▸ TASK BRIEF
Repeat the data in full. Drop every picture.

DATA EXCERPT section start

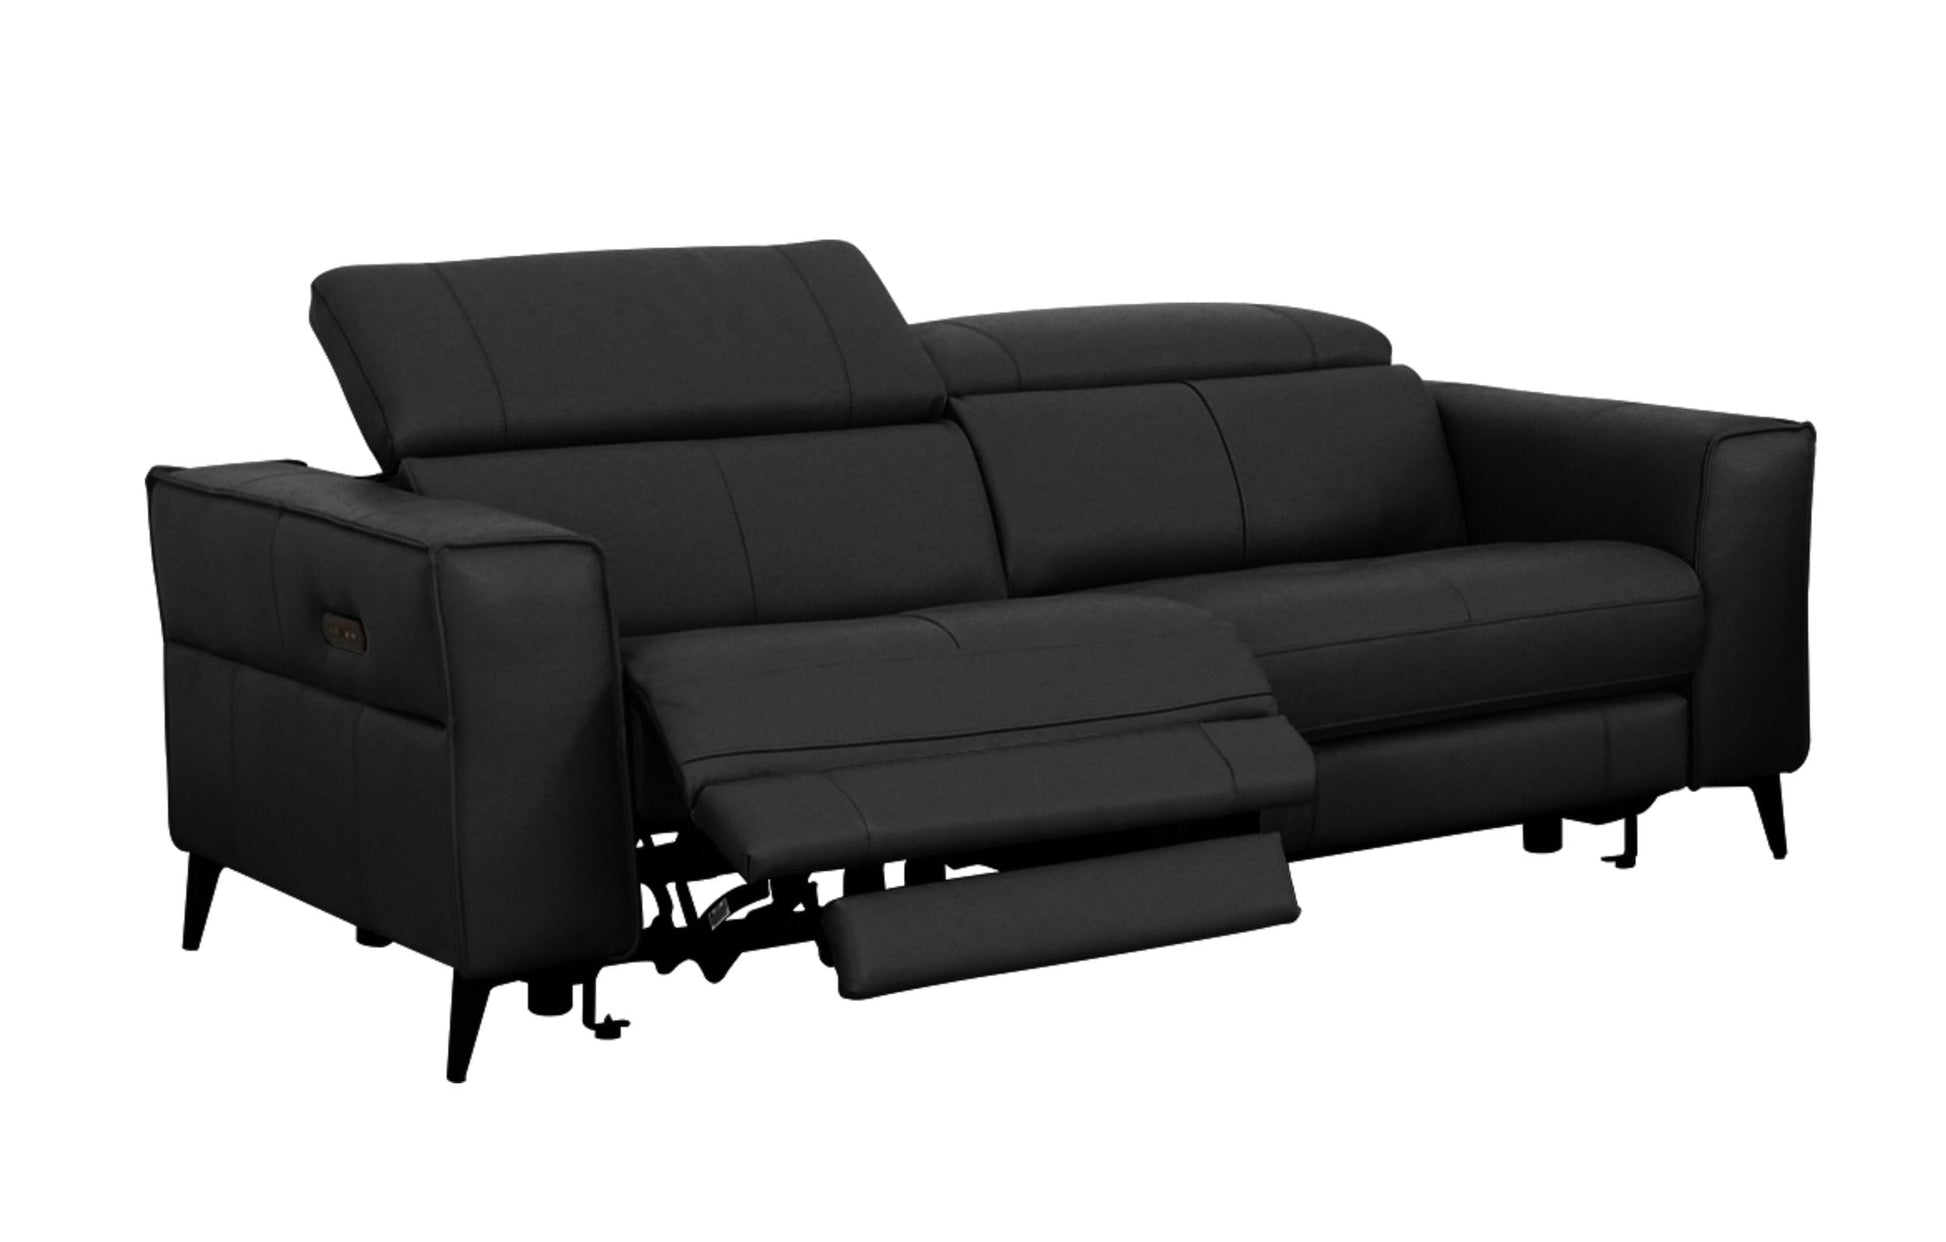 VIG Furniture Divani Casa Nella Black Leather Loveseat Electric Recliners
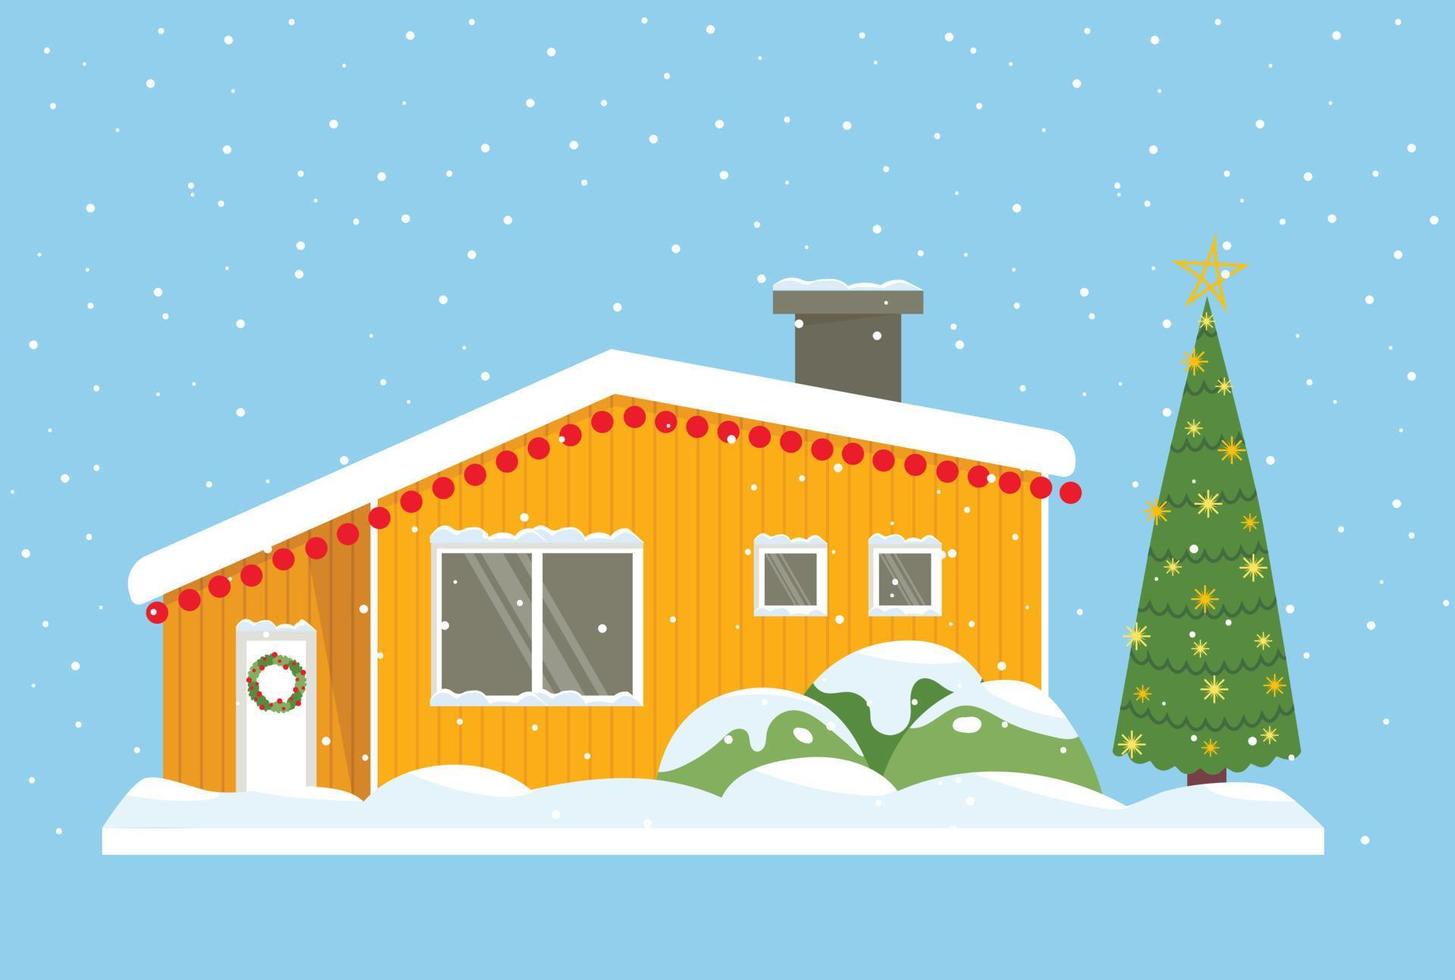 orangefarbenes Haus. Heimat von Grönland, Island, Nordpol, Holland. schneebedecktes Dach und Fenster, Silvester außen. Weihnachtsbaum im Hof vektor
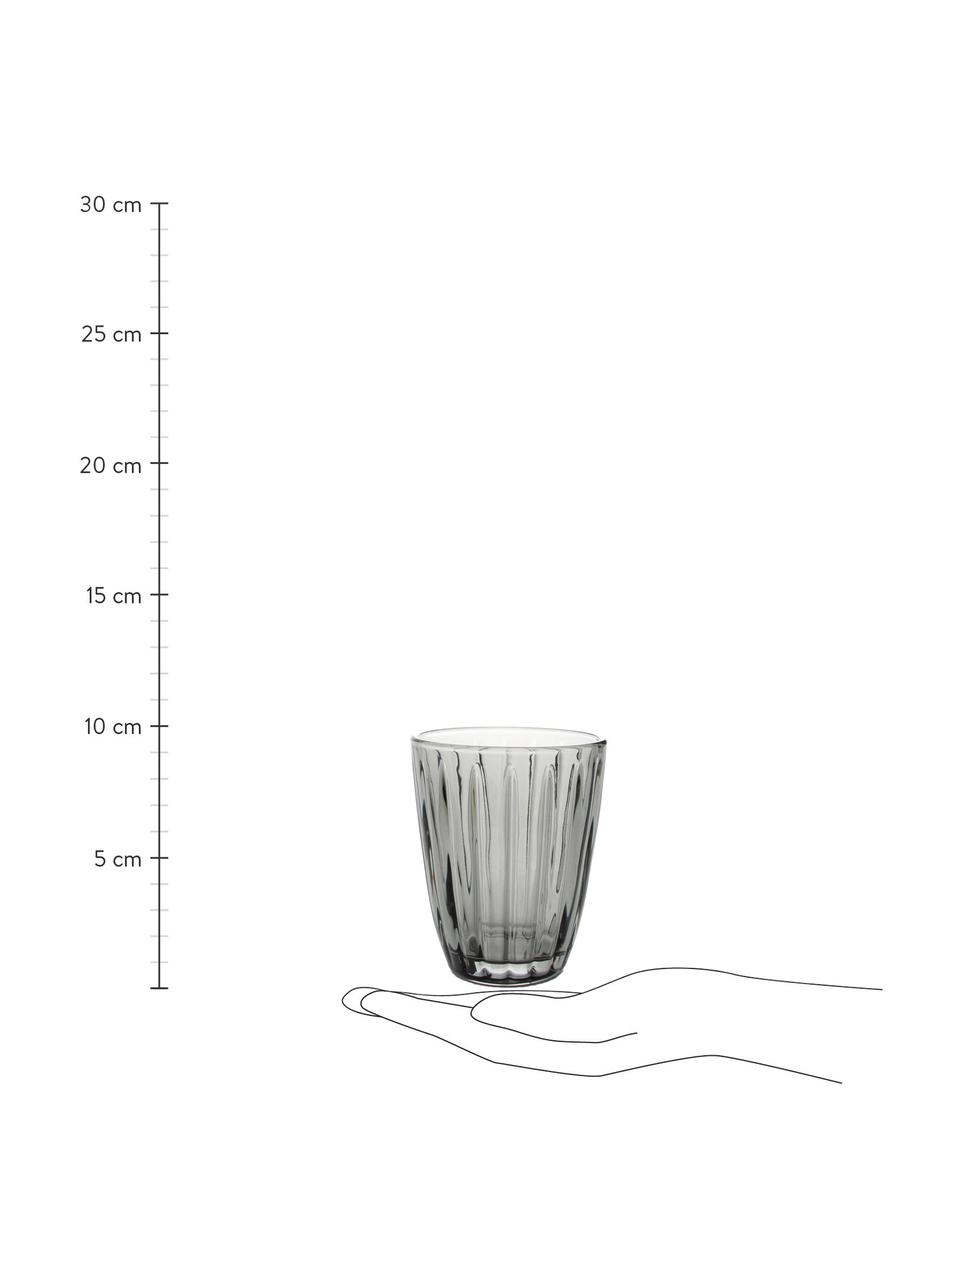 Waterglazen Zefir in grijs met reliëf, 4 stuks, Glas, Grijs, Ø 8 x H 10 cm
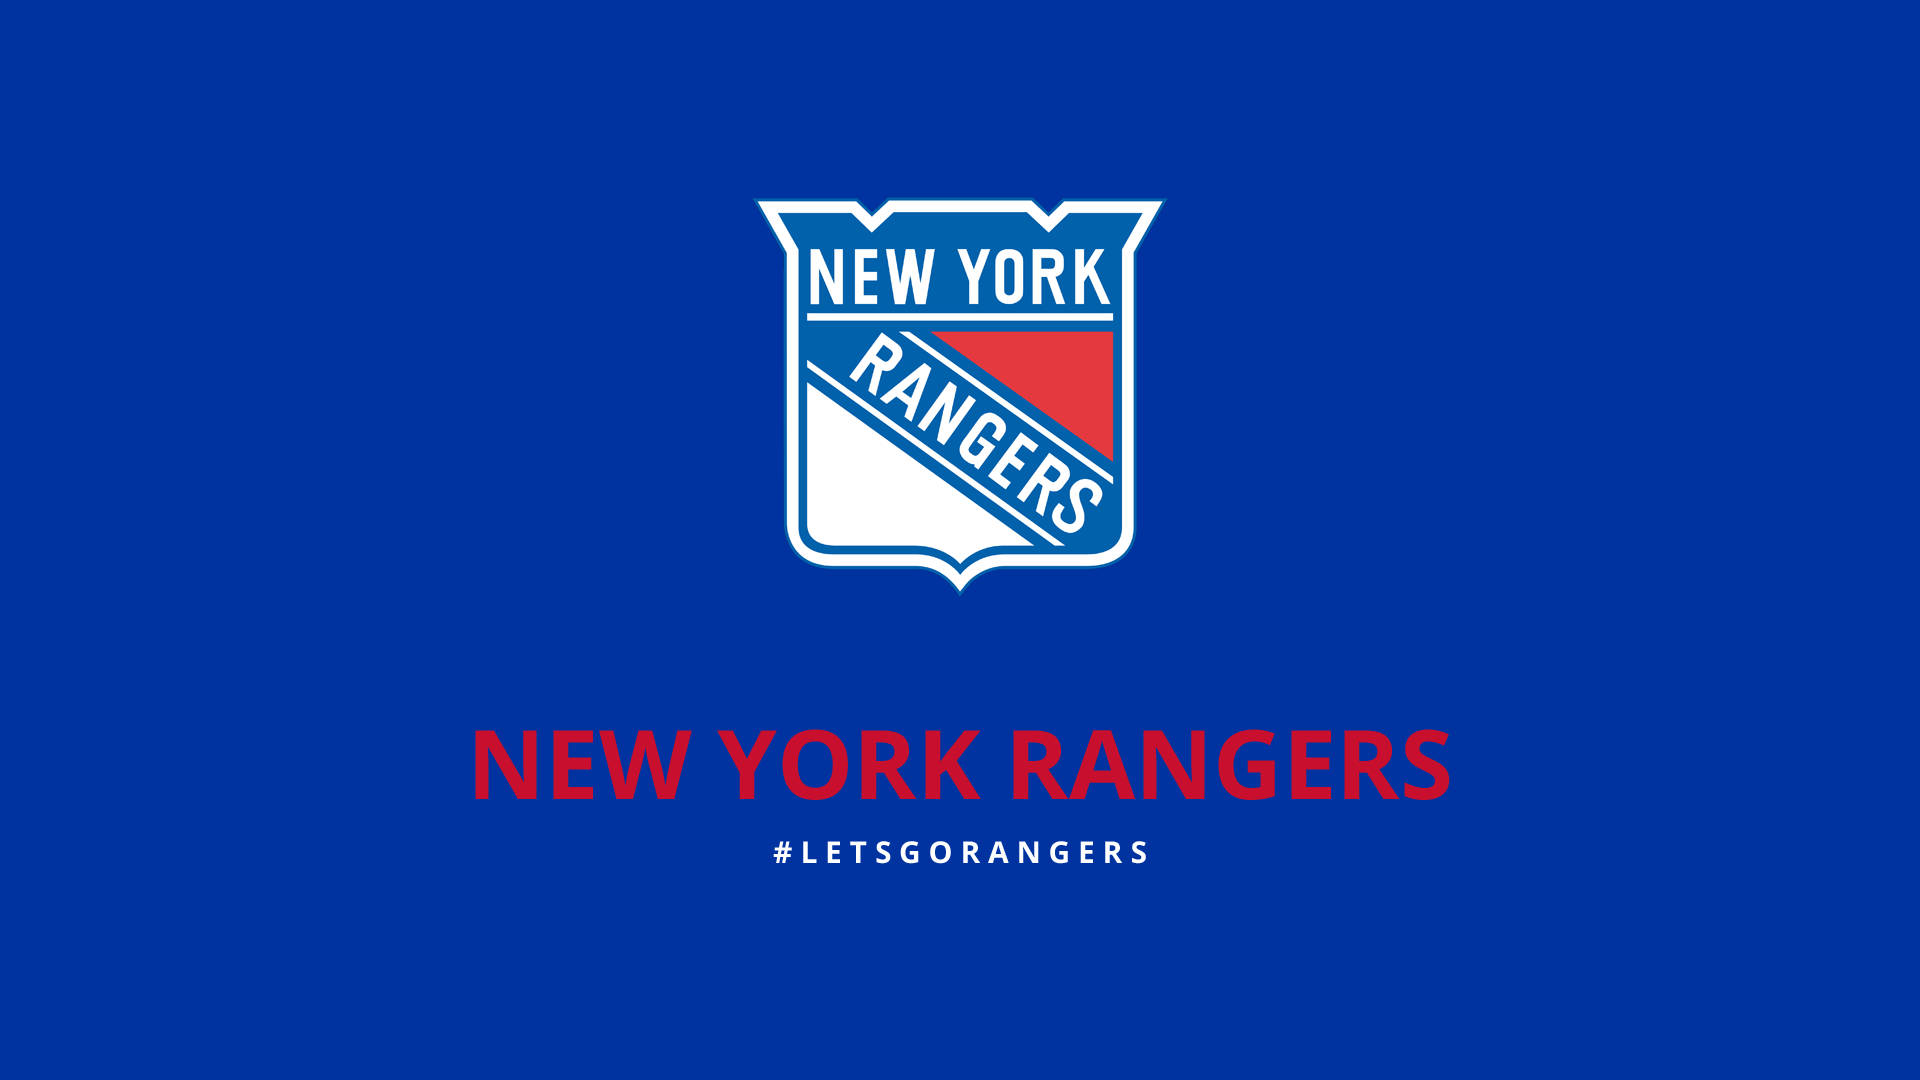 Basic New York Rangers Poster Background

DATA EXCERPT section end

▸ SOLUTION TO THIS EXERCISE
 VIG Furniture Divani Casa Nella Black Leather Loveseat Electric Recliners
 orangefarbenes Haus. Heimat von Grönland, Island, Nordpol, Holland. schneebedecktes Dach und Fenster, Silvester außen. Weihnachtsbaum im Hof vektor
 Waterglazen Zefir in grijs met reliëf, 4 stuks, Glas, Grijs, Ø 8 x H 10 cm
 Basic New York Rangers Poster Background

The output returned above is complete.